Робеспьер наконец получает возможность сказать: «Здесь нет никого, — говорит он, — кто бы осмелился обвинить меня открыто, кто привел бы против меня определенные факты; ведь нет ни одного, кто осмелился бы подняться на трибуну…»
Это как раз то, что хотели услышать жирондисты. Вскакивает Луве, маленький, тщедушный, какой-то болезненный человек, в нашумевшем романе наделивший своего неотразимого героя Фоблаза всеми качествами эротически неотразимого кавалера, которые полностью отсутствовали у автора. Луве заявляет: «Я выступаю против тебя, Робеспьер, и я прошу слова, чтобы обвинить тебя». Это прямо формула вызова на рыцарский поединок, явно придуманная и утвержденная заранее в салоне мадам Ролан. А затем Луве произносит свою пресловутую «Робеспьериаду». Изложенный им жалкий роман оказался, однако, пародией на его собственные сочинения. У бедняги не было фактов, и все свелось, если не считать сразу же опровергнутых вымыслов, к таким общим заявлениям: «Робеспьер, я обвиняю тебя в том, что ты издавна клевещешь на самых честных, на лучших патриотов… Я обвиняю тебя в том, что ты постоянно выставлял себя в качестве объекта идолопоклонства, что ты допускал, чтобы в твоем присутствии о тебе говорили как о единственном во Франции добродетельном человеке…»
Конечно, Неподкупный действительно любил сказать о себе, он действительно проявлял неумеренное тщеславие, но, как бы ни неприятны были такие личные склонности, от этого еще очень далеко до какого-то кровавого заговора или до планов установления диктатуры. Здесь же Луве не смог привести никаких фактов. Луве не доказал в своей речи ничего, кроме своей личной ненависти к Робеспьеру. А он мог бы, конечно, ответить ему сразу, однако предпочел попросить восемь дней отсрочки для подготовки ответа. Жирондисты сочли это за проявление слабости и уже испытывали злорадное удовлетворение.

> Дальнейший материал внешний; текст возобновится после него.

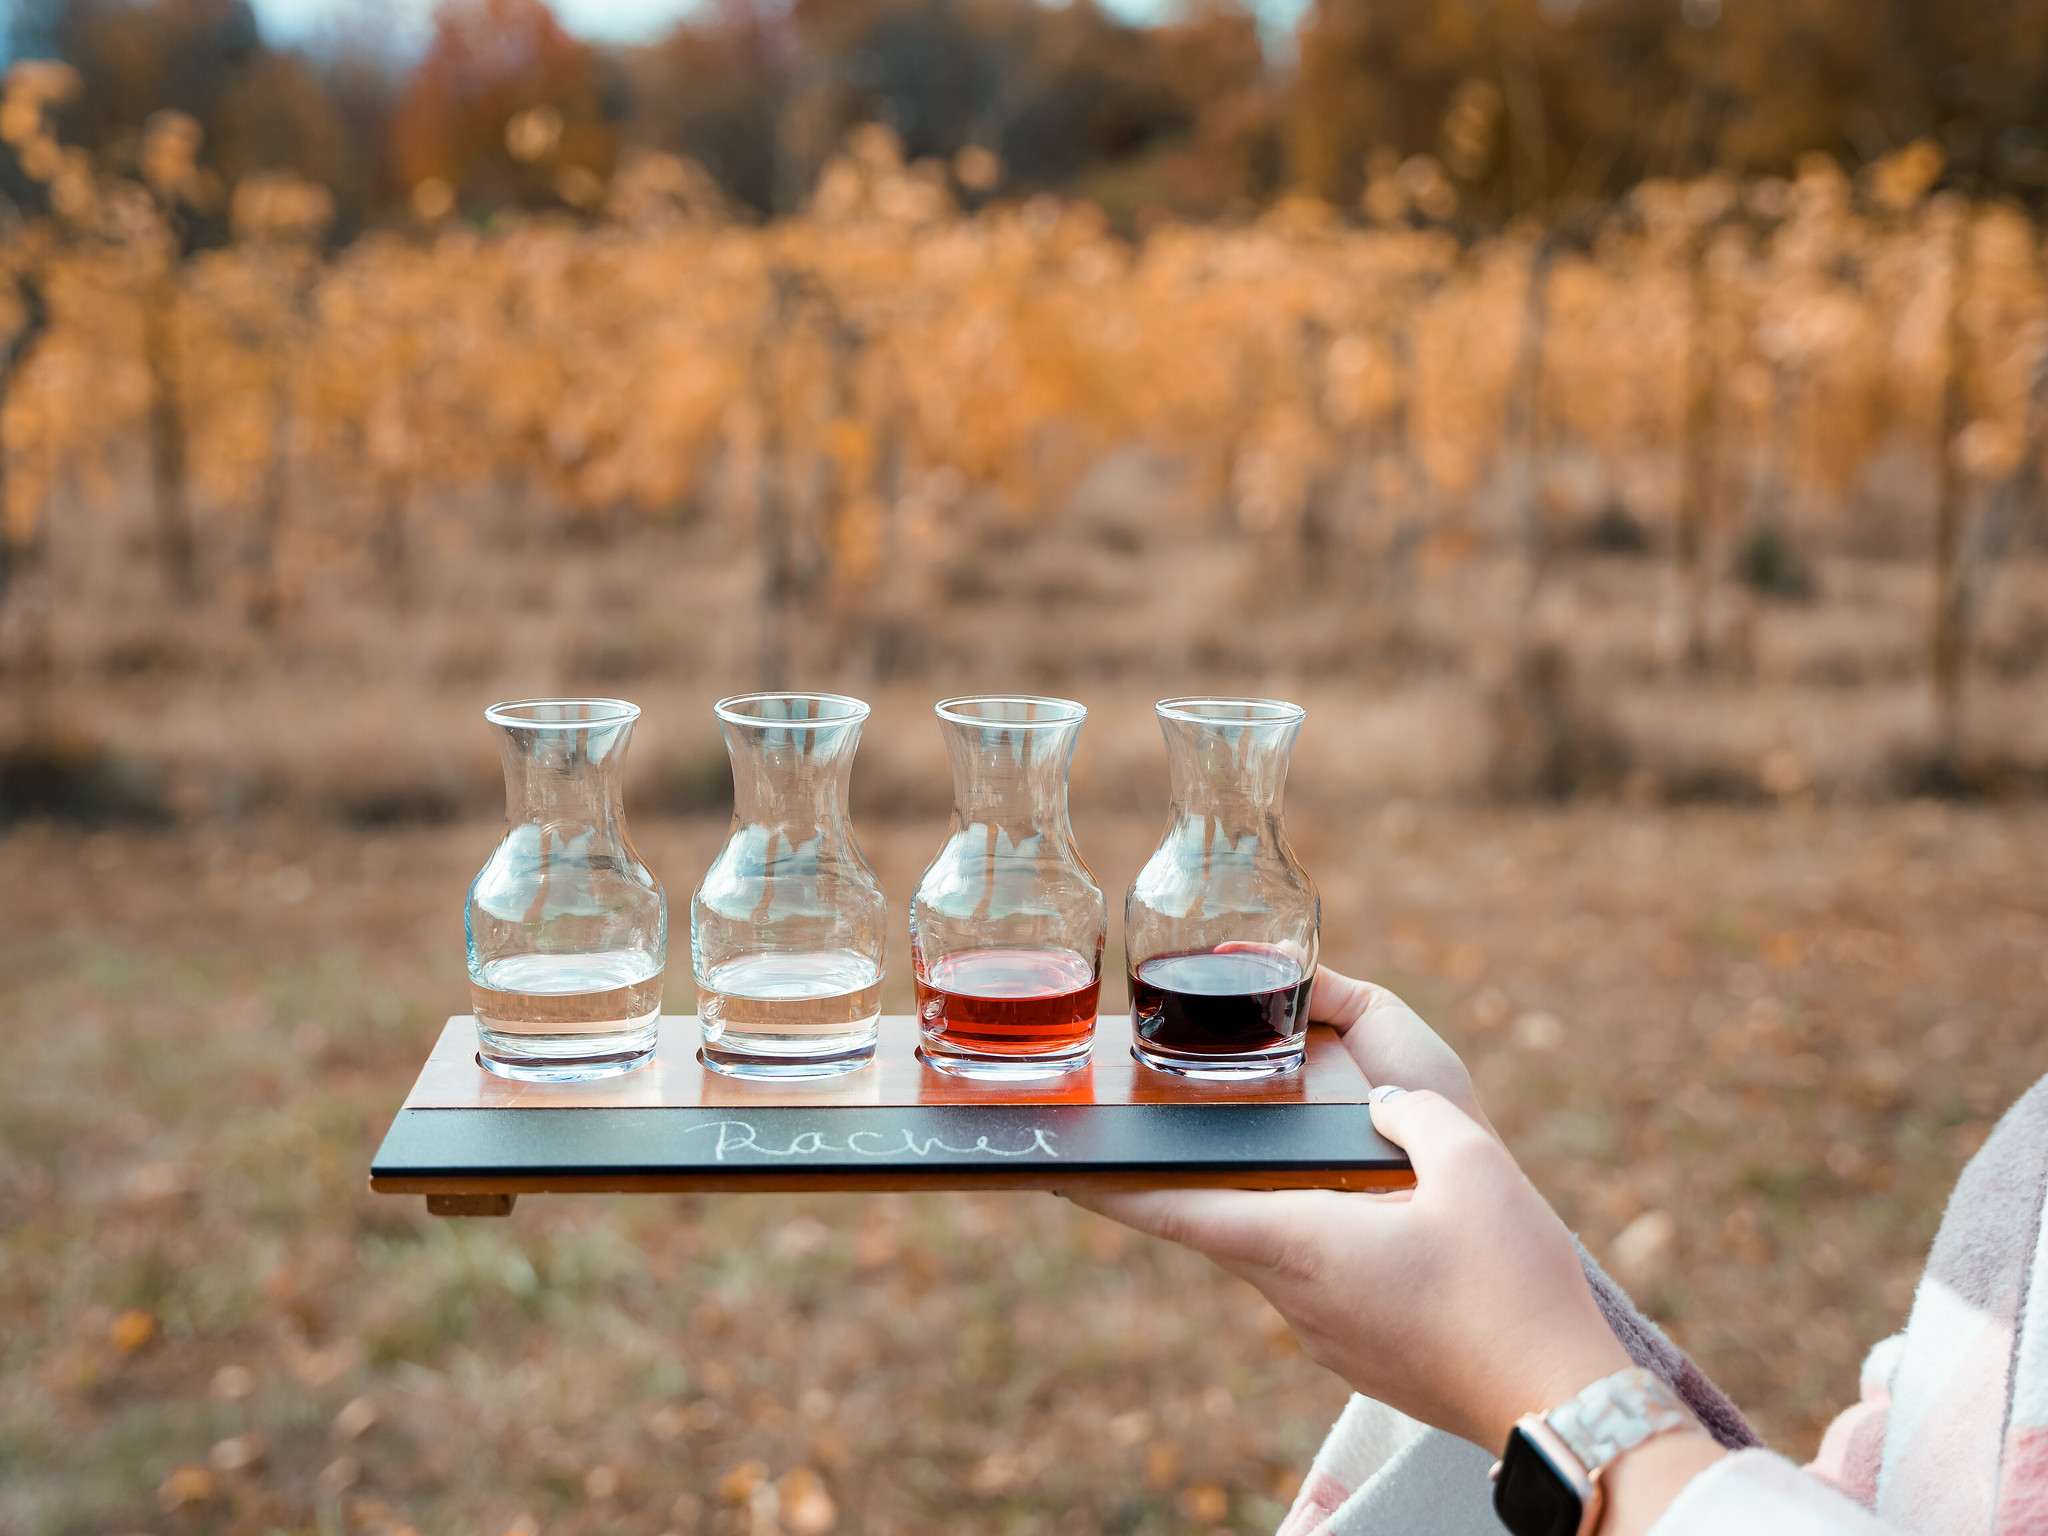 Shelburne Vineyard Winery | Shelburne VT | My Complete Vermont Fall Travel Guide: What to See, Do & Eat | Ultimate Fall Guide to Vermont | 5 Day Vermont Road Trip | Fall Foliage Road Trip Guide

5 ноября им пришлось испытать жестокое разочарование. В этот день Робеспьер произнес одну из самых своих замечательных речей, оказавшуюся крупной вехой, событием в истории Конвента. Он не зря попросил отсрочки, ибо за это время сумел найти и использовать самое слабое место в обвинительном опусе Луве, в котором писатель увлекся напыщенной формой и пренебрег необходимостью осознать саму суть обвинений. Дело в том, что Луве фактически обвинял не Робеспьера, а саму революцию 10 августа. Робеспьер же на этот раз, не пренебрегая, конечно, защитой собственной личности, защищал именно революцию, отождествляя себя с ней. Он сливается с революцией, и в результате величие и торжество революции становится и торжеством, величием Робеспьера! Если раньше Робеспьер, очень часто употреблявший местоимение «я», связывал себя с абстрактными категориями «свободы», «народа», «революции» вообще, то сейчас он связал себя с конкретными революционными событиями, с деятельностью таких органов, как революционная Коммуна или Якобинский клуб.
Робеспьер начинает с обвинения его в стремлении к диктатуре, которая подкреплялась указанием на его связь с Маратом. Он рассказывает о своей единственной личной встрече с Маратом в январе 1792 года, рассказывает честно и объективно. Он даже приводит нелестное высказывание Марата о том, что Робеспьер не обладает «ни кругозором, ни отвагой государственного деятеля». Отмежевавшись от Марата, Максимилиан, таким образом, легко опроверг обвинение в стремлении к триумвирату.
Луве обвинил Робеспьера также в том, что он деспотически навязывал свою власть Якобинскому клубу. И это обвинение было успешно опровергнуто, ибо, как сказал Робеспьер, «речь идет о естественной власти принципов. Эта власть не принадлежит, однако, тому лицу, кто эти принципы излагает».